KR20080046891A - Manufacturing method of liquid crystlal display device - Google Patents

Abstract

A manufacturing method of an LCD(Liquid Crystal Display) is provided to improve the structure of a guard ring, thereby exposing an insulation layer, thereby reducing the static electricity easily. A guard ring(170) is formed on a mother substrate and a display device including a gate line is formed on a display area within the guard ring. The mother substrate is cut along a cutting line within the inside of the guard ring so that a unit display substrate including the display device is formed. The guard ring includes any one between a dummy TFT(Thin Film Transistor) or a dummy diode in order to scatter the static electricity. A gate driving member for driving the gate line is formed between the cutting line and the display area. An inspection pad is formed between the guard ring and the cutting line and transmits an inspection signal to the gate driving member.

Description

Manufacturing method of liquid crystal display device {MANUFACTURING METHOD OF LIQUID CRYSTLAL DISPLAY DEVICE}

1 and 2 are a layout view of a liquid crystal display according to the present invention,

3 to 7 are views for explaining a method of manufacturing a liquid crystal display device according to a first embodiment of the present invention;

8 and 9 are views for explaining a method of manufacturing a liquid crystal display device according to a second embodiment of the present invention.

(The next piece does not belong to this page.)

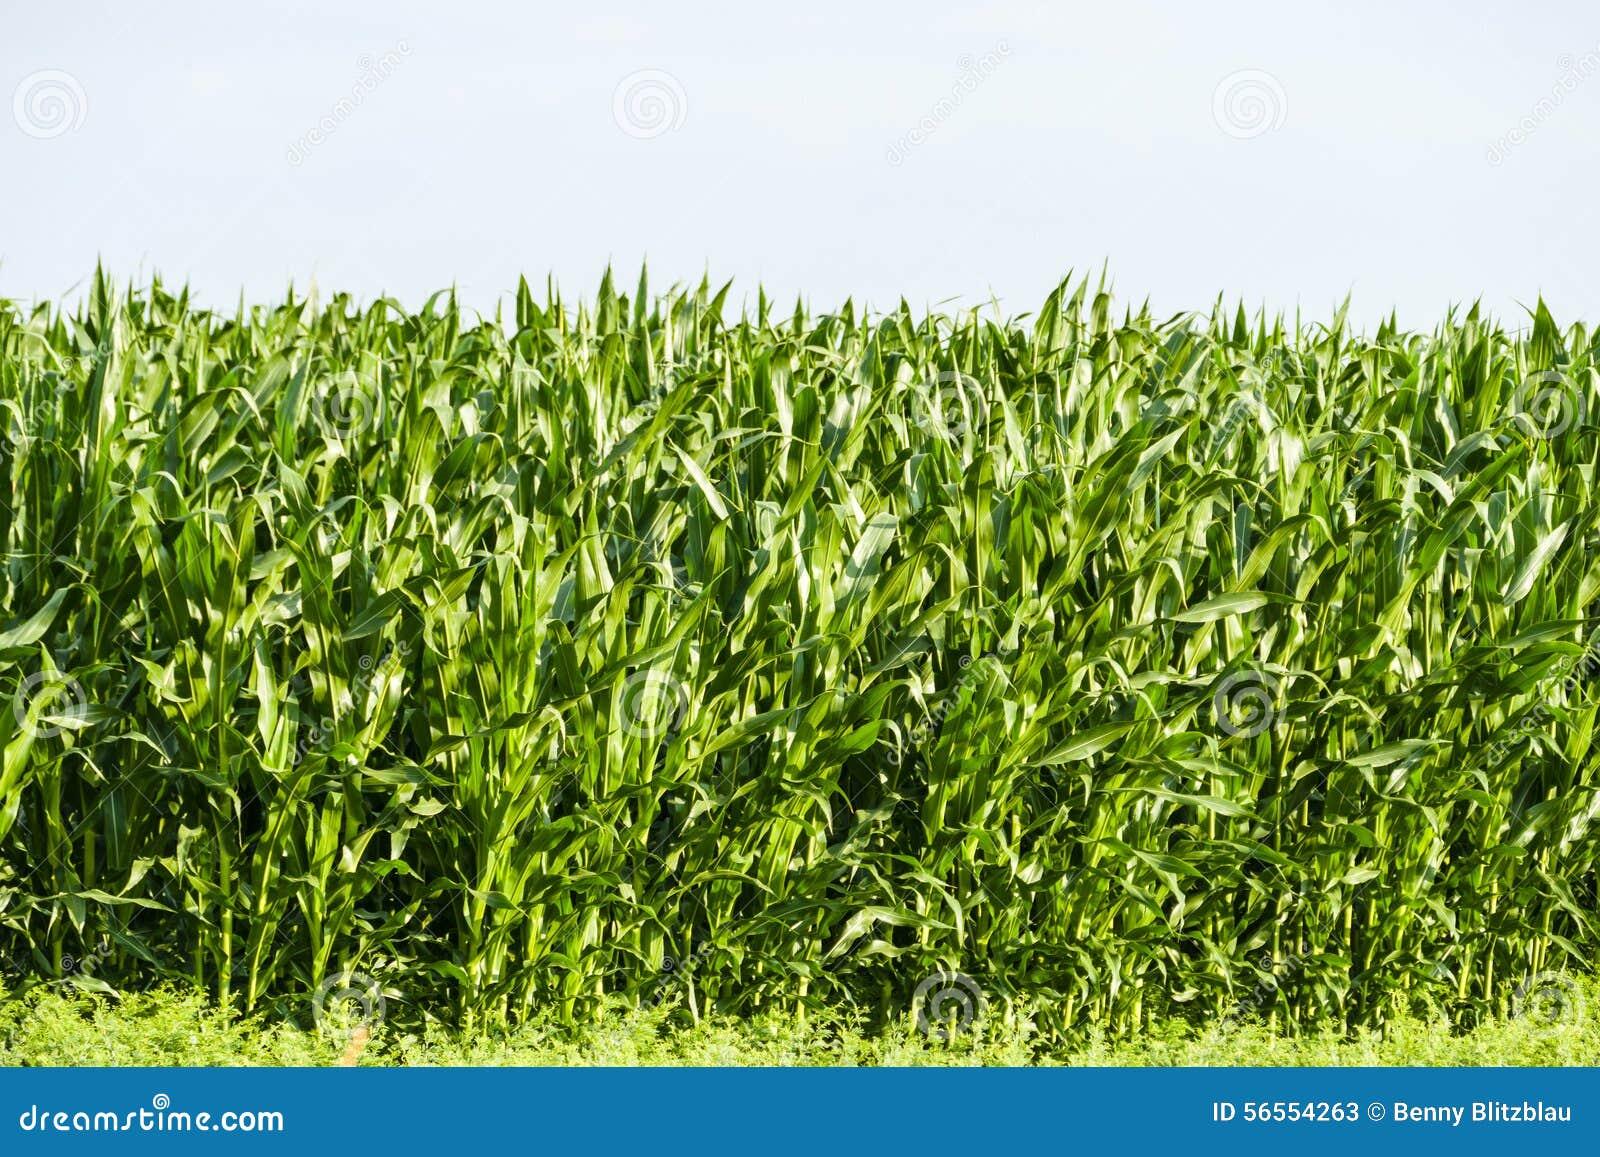 Download Νέο πεδίο καλαμποκιού στοκ εικόνα. εικόνα από σειρά, σιτάρι - 56554263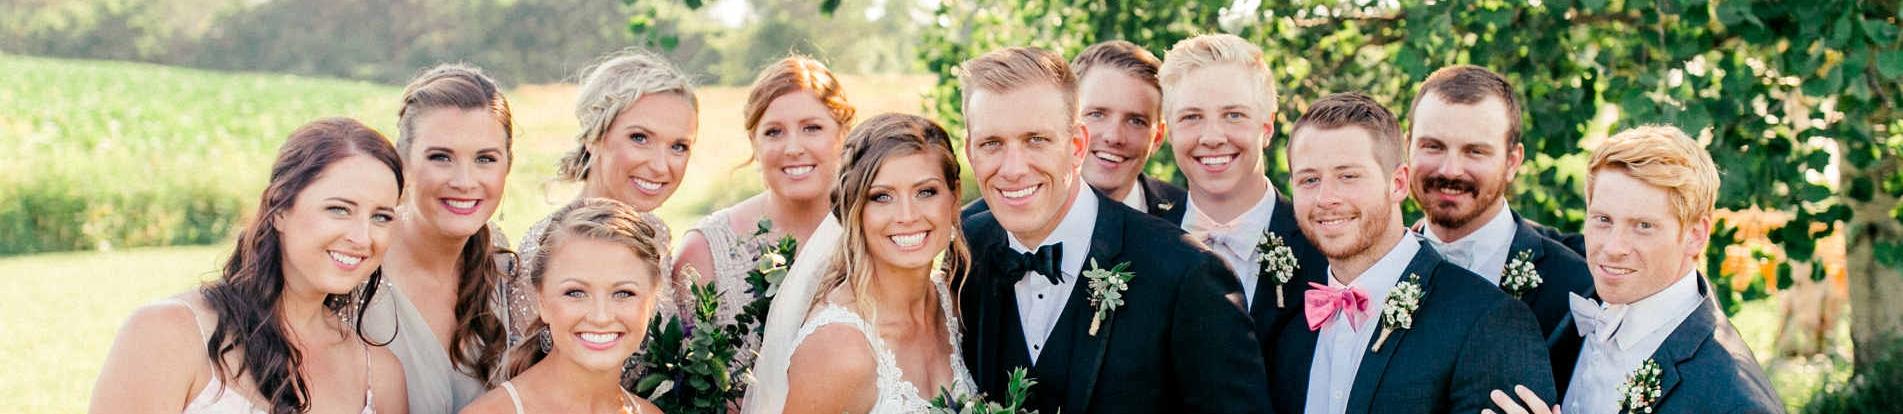 ENZOANI REAL BRIDE: ELISSA & TYLER

Explanation of Signs of Major Parts of Drawings

121: gate line 123: shift register

124: gate connection wiring 125: pad portion

126: test pad 127: test connector

141: data line 142: shorting bar

150 pixel thin film transistor 161 pixel electrode

170: guard ring 1710: guard ring body

1720: dummy thin film transistor 1730: dummy diode

The present invention relates to a method for manufacturing a liquid crystal display device, and more particularly, to a method for manufacturing a liquid crystal display device in which a guard ring is reduced to reduce defects caused by static electricity.

The liquid crystal display device includes a liquid crystal display panel, and the liquid crystal display panel includes a first substrate on which a thin film transistor is formed, a second substrate facing the first substrate, and a liquid crystal layer positioned between both substrates. The liquid crystal display panel is a non-light emitting device and can receive light from the backlight unit located behind the first substrate.

On the first substrate, a gate line, a data line, and a thin film transistor connected to these lines are formed. Each pixel is connected to a thin film transistor and is independently controlled for each pixel.

A gate driver and a data driver are required to control the thin film transistor by driving the gate line and the data line. In order to reduce the driving cost, a method of directly forming the gate driving part on the first substrate is used.

The gate driver formed on the first substrate is called a shift register, and a gate on signal, a gate off signal, a start signal, and the like are applied to the shift register.

In the manufacture of such substrates, there is a problem that wiring, shift registers, etc. are damaged when static electricity is generated.

Accordingly, an object of the present invention is to provide a method of manufacturing a liquid crystal display device in which defects caused by static electricity are reduced.

The above object is achieved by forming a display element including a guard ring on a mother substrate and a gate line in a display area within the guard ring; Cutting the mother substrate along a cutting line inside the guard ring to form a unit display substrate including the display element, wherein the guard ring includes a dummy thin film transistor and a dummy diode for dissipating static electricity. Including at least one of them is achieved by a method of manufacturing a liquid crystal display device.

Forming a gate driver for driving the gate line between the cutting line and the display area; The method may further include forming an inspection pad for transmitting an inspection signal to the gate driver between the guard ring and the cutting line.

The guard ring includes a gate metal layer, a semiconductor layer, an ohmic contact layer, a data metal layer, and a transparent electrode layer, and the data metal layer and the ohmic contact layer preferably overlap each other.

The method may further include forming a dummy transparent electrode layer between the guard ring and the test pad.

The guard ring is preferably made of a gate metal layer, a semiconductor layer, an ohmic contact layer, a data metal layer and an insulating film.

Preferably, the guard ring is exposed to the outside of the insulating film.

Hereinafter, the present invention will be described in more detail with reference to the accompanying drawings.

A method of manufacturing a liquid crystal display device and a liquid crystal display device manufactured according to the present invention will be described with reference to FIGS. 1 to 4. FIG. 1 illustrates only the thin film transistor substrate 100 except for the flexible member 200 and the circuit board 300 in FIG. 2.

3 and 4 illustrate the state of the mother substrate 101 during the manufacturing process. When cutting along the cutting lines shown in FIGS. 3 and 4, the thin film transistor substrate 100 shown in FIG. Dogs are manufactured. In the mother substrate 101, each insulating substrate 111 is surrounded by a guard ring 170 to prevent static electricity.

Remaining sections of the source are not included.